In one example, the controller 124 is configured to monitor the number of impression events that have occurred for the impression medium 118. In other words, the controller 124 may be configured to increment a count each time printing fluid is transferred from the ITM 112 to a substrate received on the impression medium 118. The controller 124 may therefore be configured to notify a user that the impression medium should be replaced responsive to determining that the accumulation level meets the accumulation level threshold and responsive to determining that the count meets a second threshold. The second threshold may therefore correspond to a number of impression events. The controller 124 thus performs two separate checks and notifies a user if both criteria are met. This may be beneficial to avoid the impression medium 118 being replaced too often. For example, an impression medium 118 may have an associated lifetime, where the lifetime is defined according to a number of impression events that it is designed to be used for. It may be undesirable to replace the impression medium if the lifetime has not been exceeded even if the impression medium is dirty. In one example, the second threshold is the lifetime of the impression medium. The second threshold may be several tens of thousands of impressions for example, such as 10,000, 20,000, 30,000 or higher.

The use of two thresholds may also be beneficial if the image sensor 122 is unable to accurately determine accumulation level beyond a certain limit, which is explained in more detail with reference to FIG. 5.

FIG. 5 shows a graph plotting the accumulation level of printing fluid on an impression medium 118 against a number of impression events. In this example, the image sensor 122 has a lower dynamic range than the image sensor used in FIG. 4. Again, the graph shows that as more impression events occur, the accumulation level generally increases as more printing fluid is deposited onto the impression medium 118. Dashed line 502 represents a threshold accumulation level. In this example, however, the sensor is unable to detect intensities below a certain limit, where a lower intensity corresponds to a higher accumulation level. As printing fluid continues to accumulate on the impression medium and the thickness of the fluid layer continues to increase, the image sensor cannot detect this increase in accumulation level due to the low dynamic range and/or low signal to noise ratio of the sensor. Therefore, beyond a certain limit, the accumulation level may appear to plateau. The plateau 504 is shown in FIG. 5. Had a higher dynamic range image sensor 122 been used instead, the plot would correspond to that shown in FIG. 4.

As a consequence of this effect, the accumulation level may not reach the threshold 402 that was set for FIG. 4. While a lower accumulation level threshold 502 can be used to estimate whether the impression medium 118 is dirty, this may be below the level at which the dirtiness of the impression medium has adverse effects.

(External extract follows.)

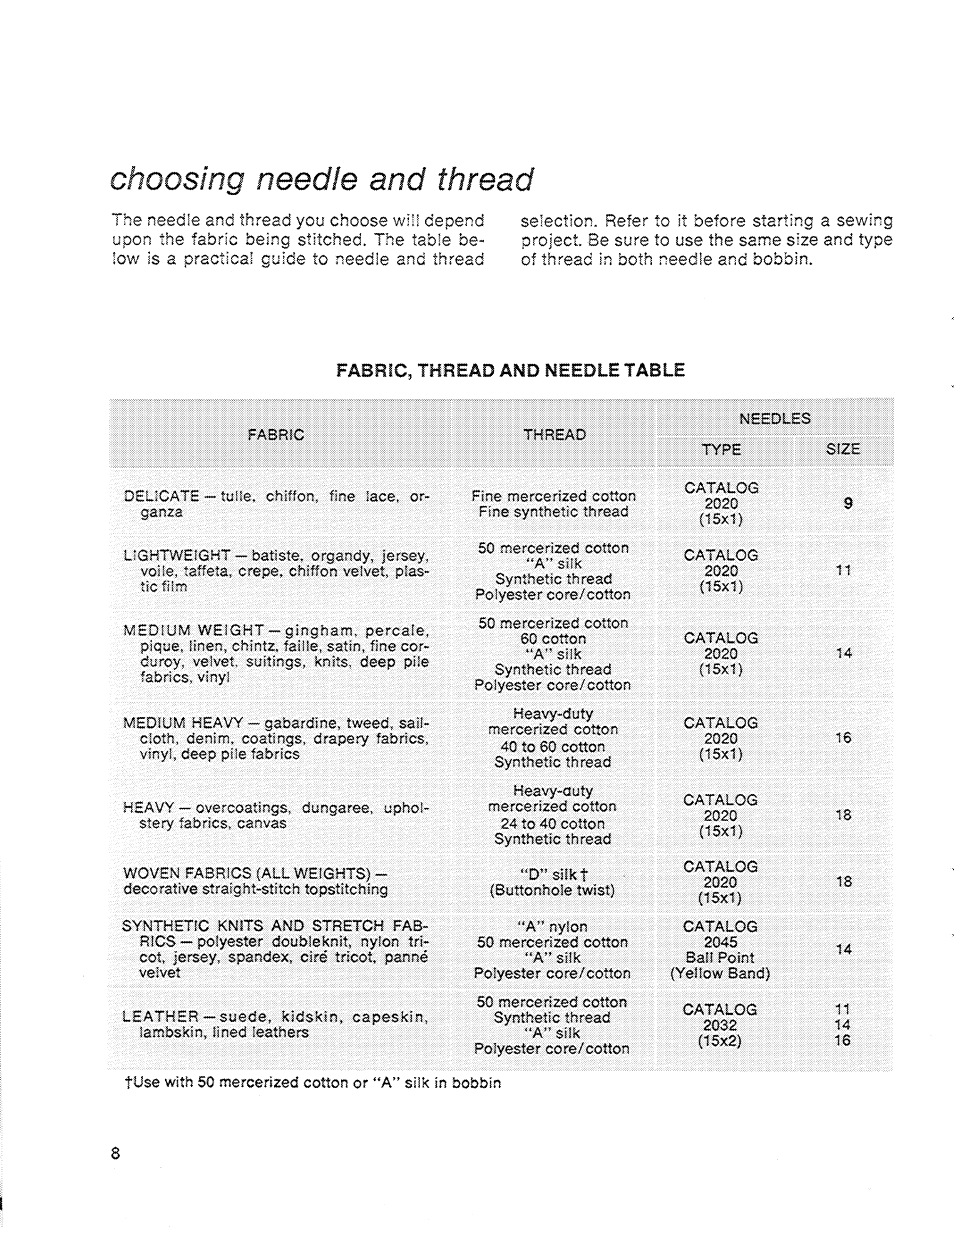 Choosing needle and thread | SINGER 714 Graduate User Manual | Page 10 / 52

Accordingly, the second threshold associated with a number of impression events may be useful as a secondary check. Once both thresholds have been exceeded, it can be reasonably assumed that the impression medium 118 is dirty, and should be replaced. Furthermore, both thresholds 502, 506 are useful to avoid the impression medium 118 being replaced if it has exceeded the second threshold but is still not considered dirty.

As mentioned above, printing fluid accumulated on the impression medium 118 may begin to peel off. The controller 124 may therefore also be able to determine, based on the sensor data, that at least a portion of printing fluid has detached from the impression medium. In one example, the controller 124 notifies a user that the impression medium should be replaced responsive to determining that the peel off has been detected. In another example, the controller is configured to notify the user when it is determined that that at least a portion of printing fluid has detached from the impression medium and that the accumulation level meets the threshold.

FIG. 6 shows a graph plotting the accumulation level of printing fluid on an impression medium 118 along an axis. For example, the axis may be axis 308, depicted in FIG. 3. In this example, the thickness of printing fluid, and therefore the accumulation level, is substantially uniform along the axis 308. This uniform distribution of printing fluid may be due to background particles, which are typically randomly distributed across the ITM 112 surface.

Peel off may be determined according to several techniques. In one example, the peel off may be determined by monitoring the accumulation over time, and by comparing the accumulation from a first time to the accumulation at a second, earlier time. FIG. 6 may therefore represent the accumulation level of printing fluid on an impression medium 118 at the second time, and FIG. 7 may represent the accumulation level along the axis 308 of the same impression medium at the first, later time. Between positions A and B, shown in FIG. 7, the printing fluid has peeled off and detached from the impression medium 118. Thus, by comparing the data from both times, it can be determined if the accumulation level at the later time is less than the accumulation level at a second earlier time. From this comparison, it can be deduced that at least a portion of printing fluid has detached from the impression medium 118.

In other example, the peel off may be determined based on accumulation level data corresponding to a single time. For example, based on FIG. 7 alone, it may be determined that at least a portion of printing fluid has detached by determining that the accumulation level of the printing fluid on the impression medium is non-uniform across a region of the impression medium. For example, the controller 124 may be configured to calculate the gradient of the accumulation level plot between adjacent points along the axis 308. The magnitude of the gradient between points A and C will be greater than the magnitude of the gradient between points B and D, for example. A large magnitude gradient may therefore be an indication that peel off has occurred since the ink accumulation may be assumed to be uniform. Other techniques for determining non-uniformity may also be used.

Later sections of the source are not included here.